Not all of the millions of gallons of oil gushing into the Gulf of Mexico are coming from the blown-out well damaged by an explosion on the Deepwater Horizon rig.
Instead, some of the oil may be leaking from a nearby drilling rig named the Ocean Saratoga, the Mobile (Ala.) Press-Register newspaper reported Tuesday.
That rig has been leaking since at least April 30, 10 days after the explosion on the Deepwater Horizon rig that killed 11 oil workers. Federal officials cited the Ocean Saratoga leak in a trajectory map for oil washing ashore from the Deepwater Horizon spill, the newspaper reported.
Federal officials didn't respond to the newspaper's request for comment, and officials from Ocean Saratoga's owner, Diamond Offshore, referred the newspaper's questions to Taylor Energy Co., which owns the well.

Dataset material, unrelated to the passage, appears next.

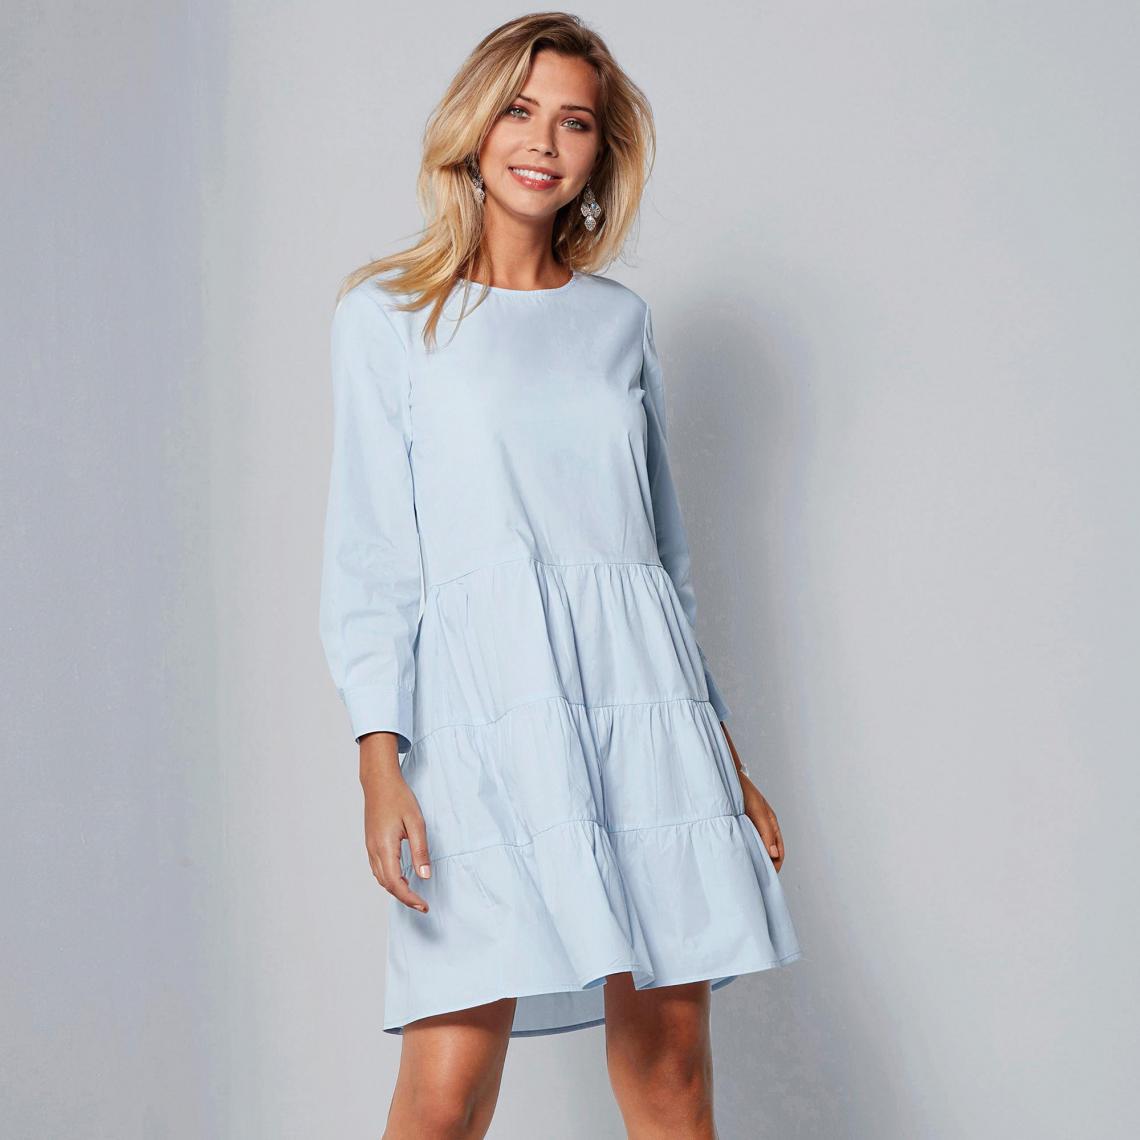 82990b62fd4 Robe manches longues bas effet froncé femme - Bleu 3 SUISSES Femme
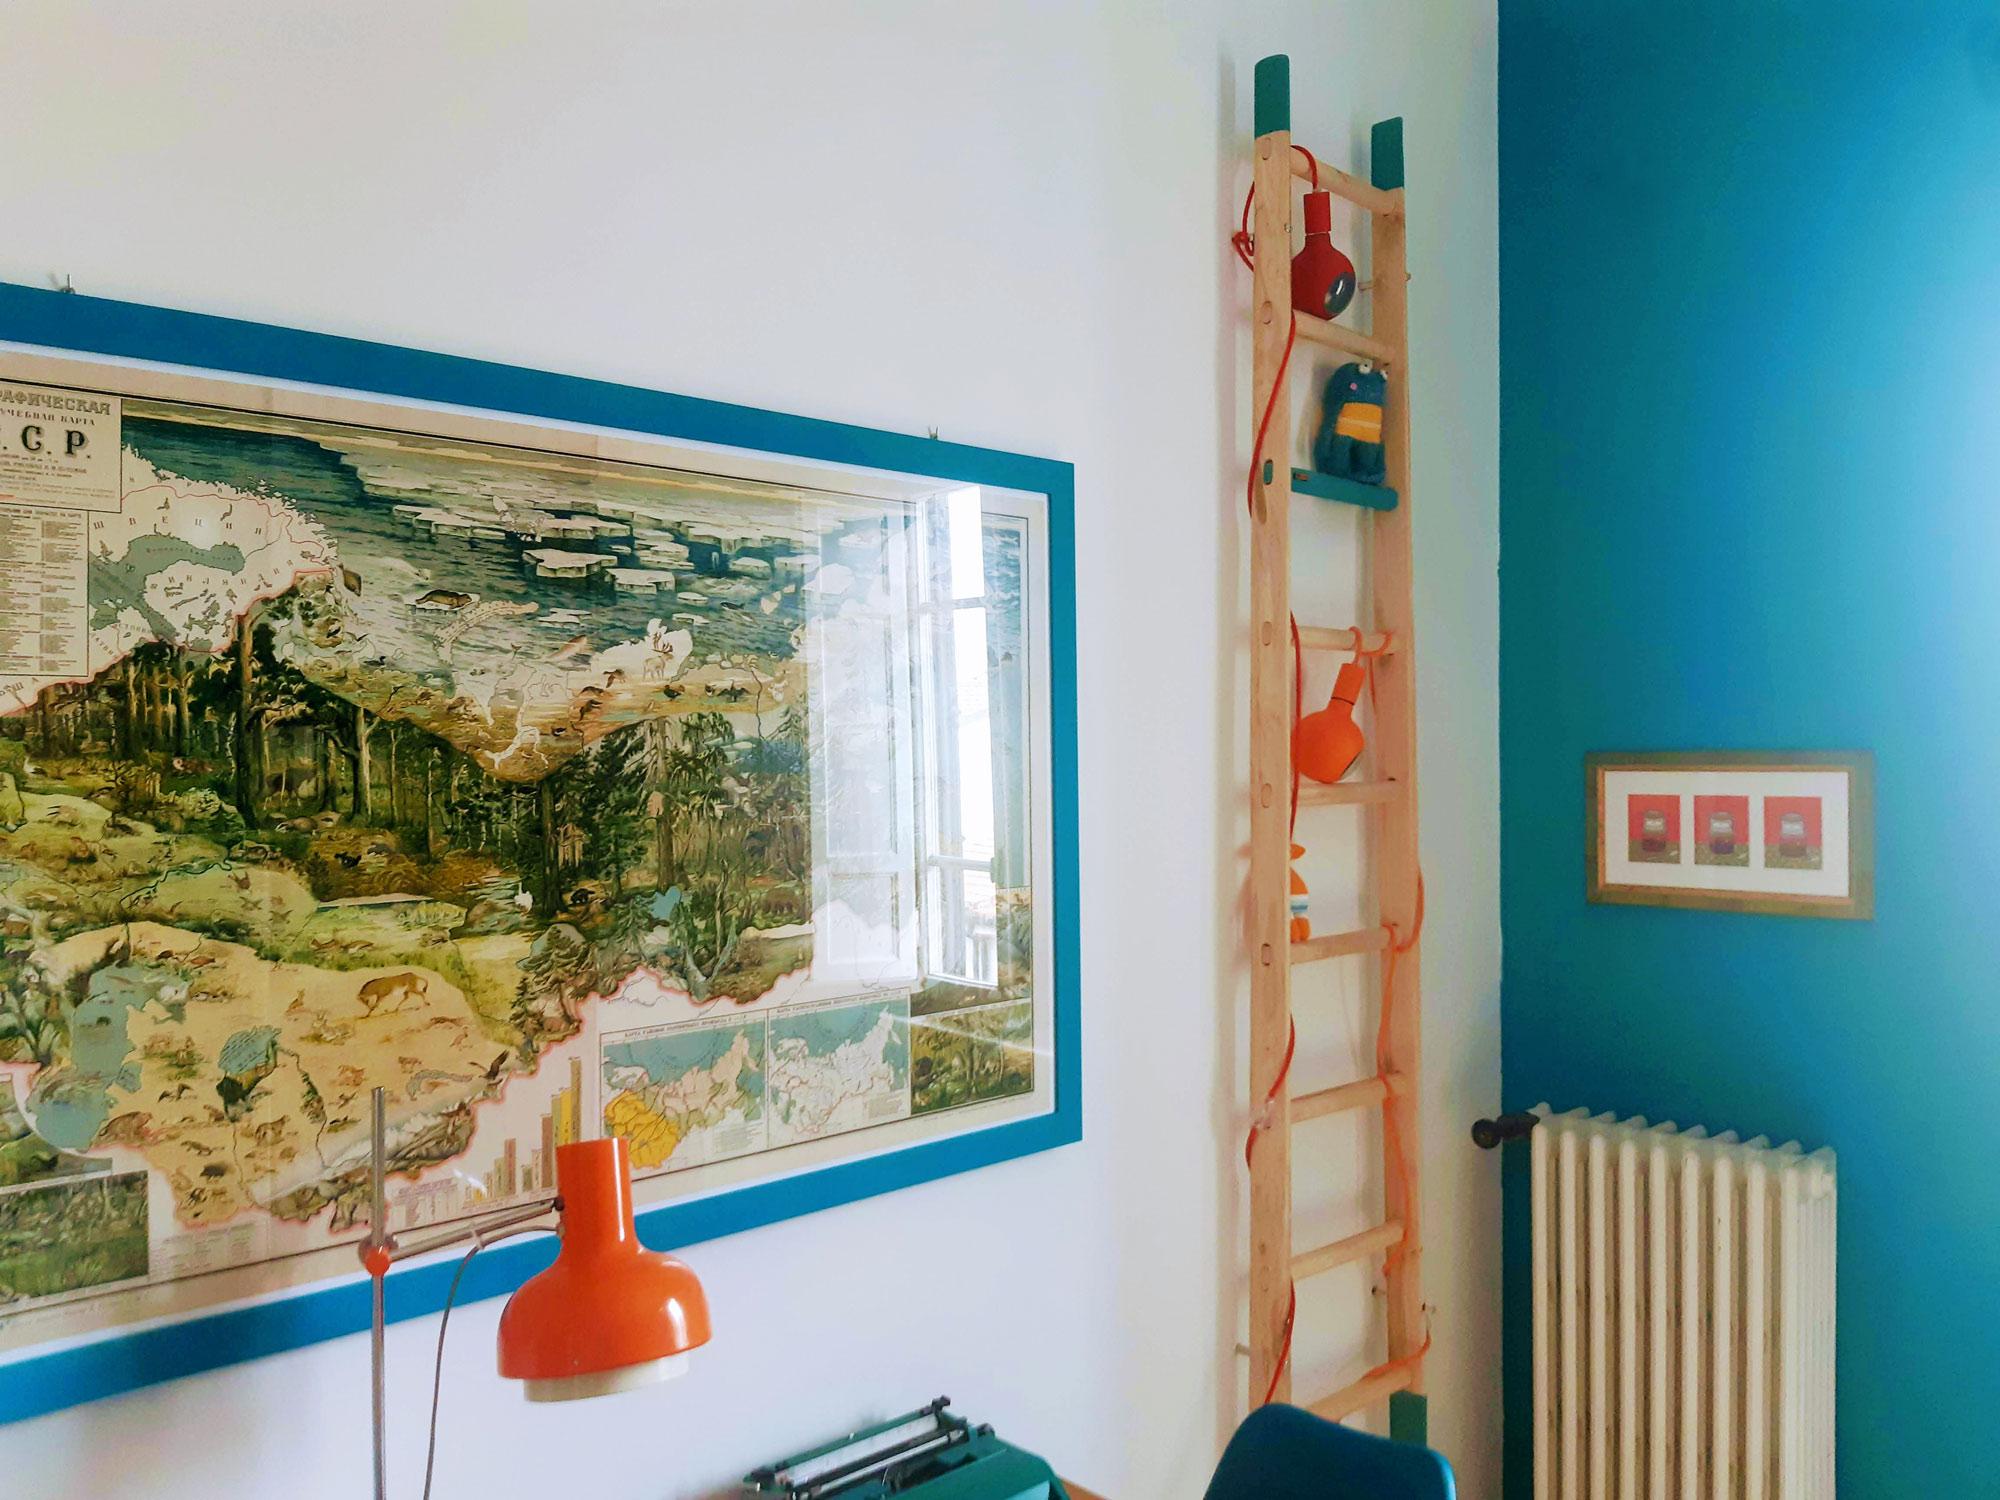 La scala è davvero ottima, il legno naturale ha un effetto molto bello e le lance colorate perfette, proprio come volevo. Grazie mille! - Lorenzo

But Taylor said in a statement late Tuesday that the photographs are evidence only of government-approved work long under way, not a second major leak, an energy company said Tuesday.
The company said that that the production platform about 70 miles southwest of the Deepwater Horizon disaster was collapsed during Hurricane Ivan in 2004 by an underwater mudslide.
Pictures taken by an aerial photographer over the weekend and posted on the Internet suggested that oil was leaking from the drilling rig Ocean Saratoga, owned by Diamond Offshore Inc., and that a nearby vessel with a hose overboard was applying dispersant.
But Taylor said the work boat was conducting scheduled drainage of the subsea containment system. The site has three containment domes below the surface, the company said.
The domes had "substantially reduced" sheening over time, Taylor said, and leakage was slight because more than 100 feet of mud and sediment cover the wells. Federal authorities have approved the cleanup project, which is under about 500 feet of water, Taylor said.
Taylor Energy president Will Pecue said in the statement that the company had been working with both the Coast Guard and the Mineral Management Service "to address the resulting environmental impacts of one of the 10 most intense hurricanes ever recorded."
Diamond Offshore said late Tuesday there had been no leak from its rig.
The Coast Guard and MMS said earlier Tuesday that they were putting information together about the site but had not commented again by late in the day.
MMS records show Taylor Energy has been working on cleaning up, decommissioning and abandoning the site since 2005.
Hundreds of platforms and wells dot the Gulf of Mexico, and releases of oil are not uncommon.
Although Taylor Energy sold virtually all its properties in 2009 to Ankor Energy LLC, which retained most of Taylor's staff and top management, Ankor said Tuesday that the lease was still owned and handled by Taylor.